## [What this task involves]
Leave the images aside and copy out the whole listing, exact to the word.

## [Supplied information]
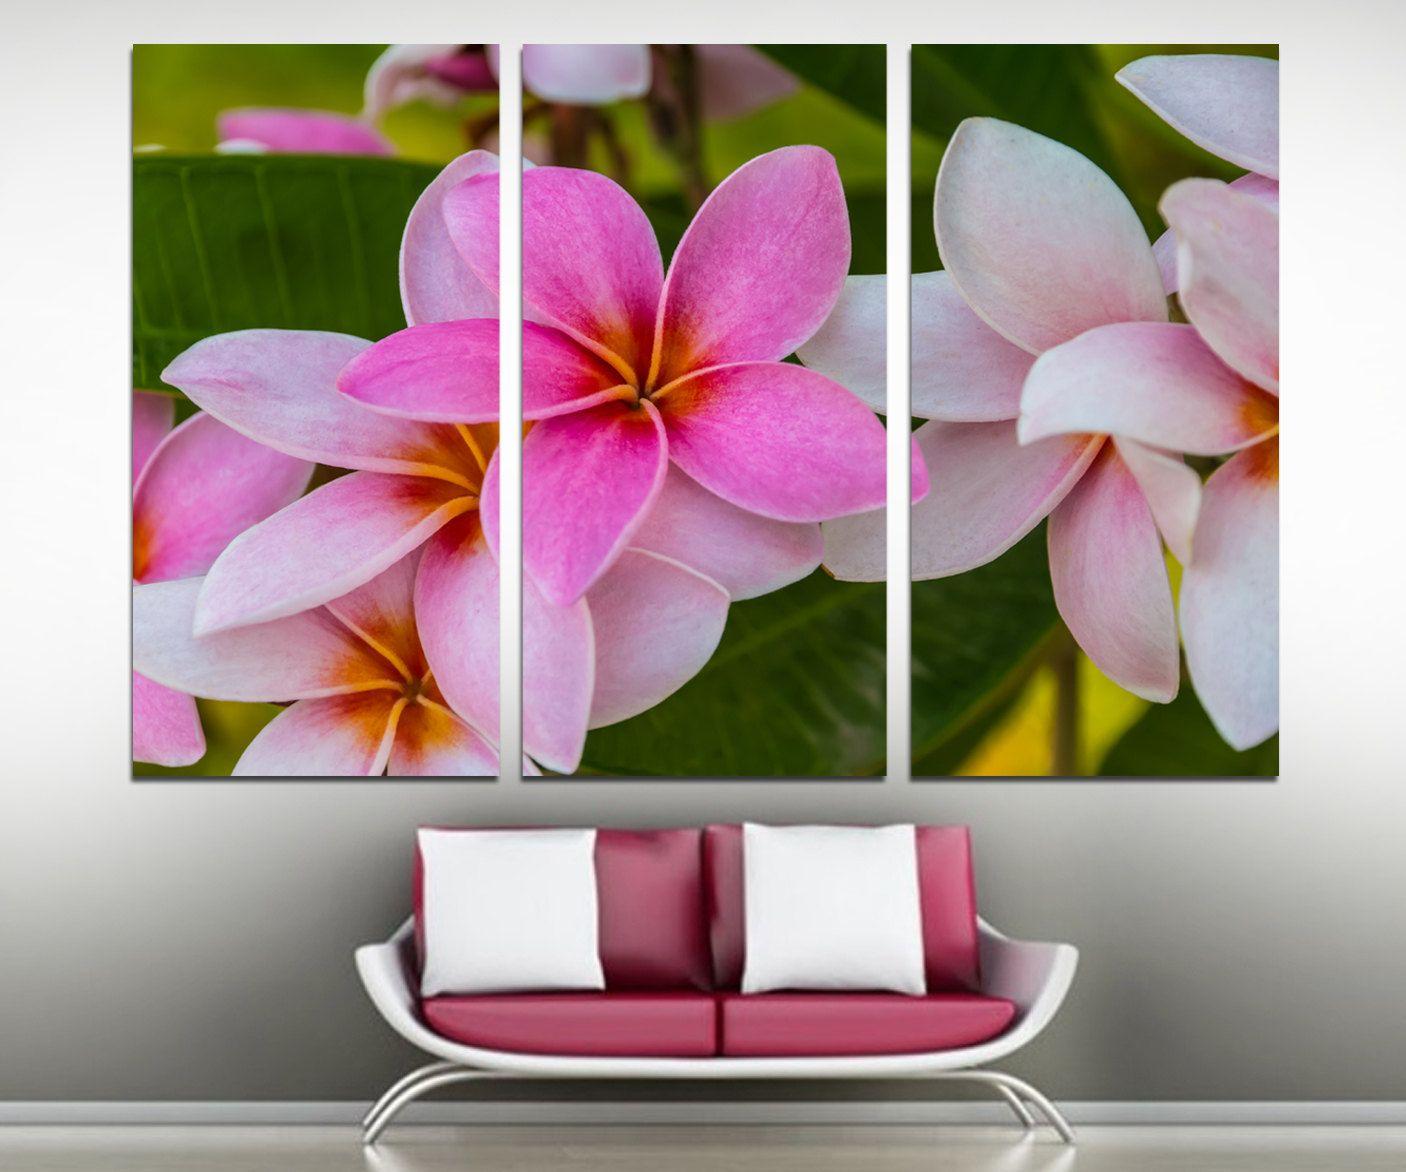 Pink Plumeria Flowers 3 Panel Split Triptych Canvas Print Etsy Triptych Canvas Plumeria Flowers Triptych Wall Art
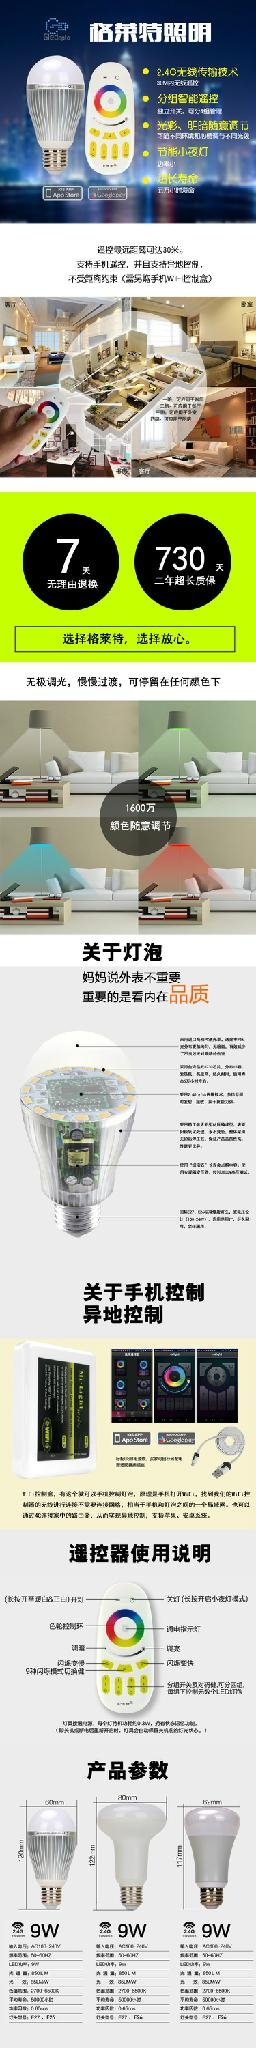 9w智能燈泡七彩變色調光無線遙控LED節能燈 3
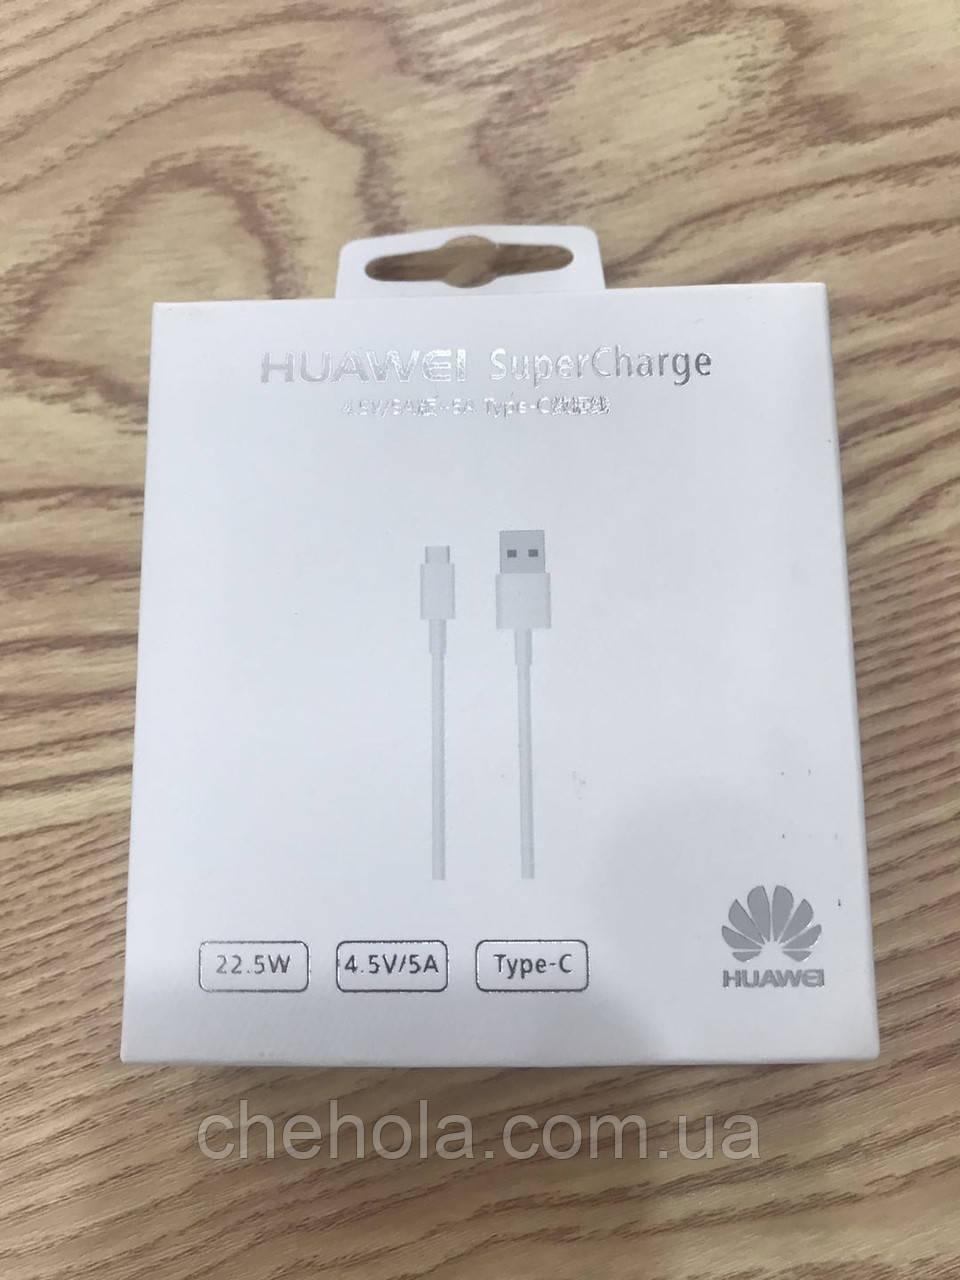 Кабель быстрая зарядка Huawei Оригинальный Type C  Supercable 5A Quick Charge

## [Result below]
 Pink Plumeria Flowers 3 Panel Split Triptych Canvas Print Etsy Triptych Canvas Plumeria Flowers Triptych Wall Art
 9w智能燈泡七彩變色調光無線遙控LED節能燈 3
 Кабель быстрая зарядка Huawei Оригинальный Type C  Supercable 5A Quick Charge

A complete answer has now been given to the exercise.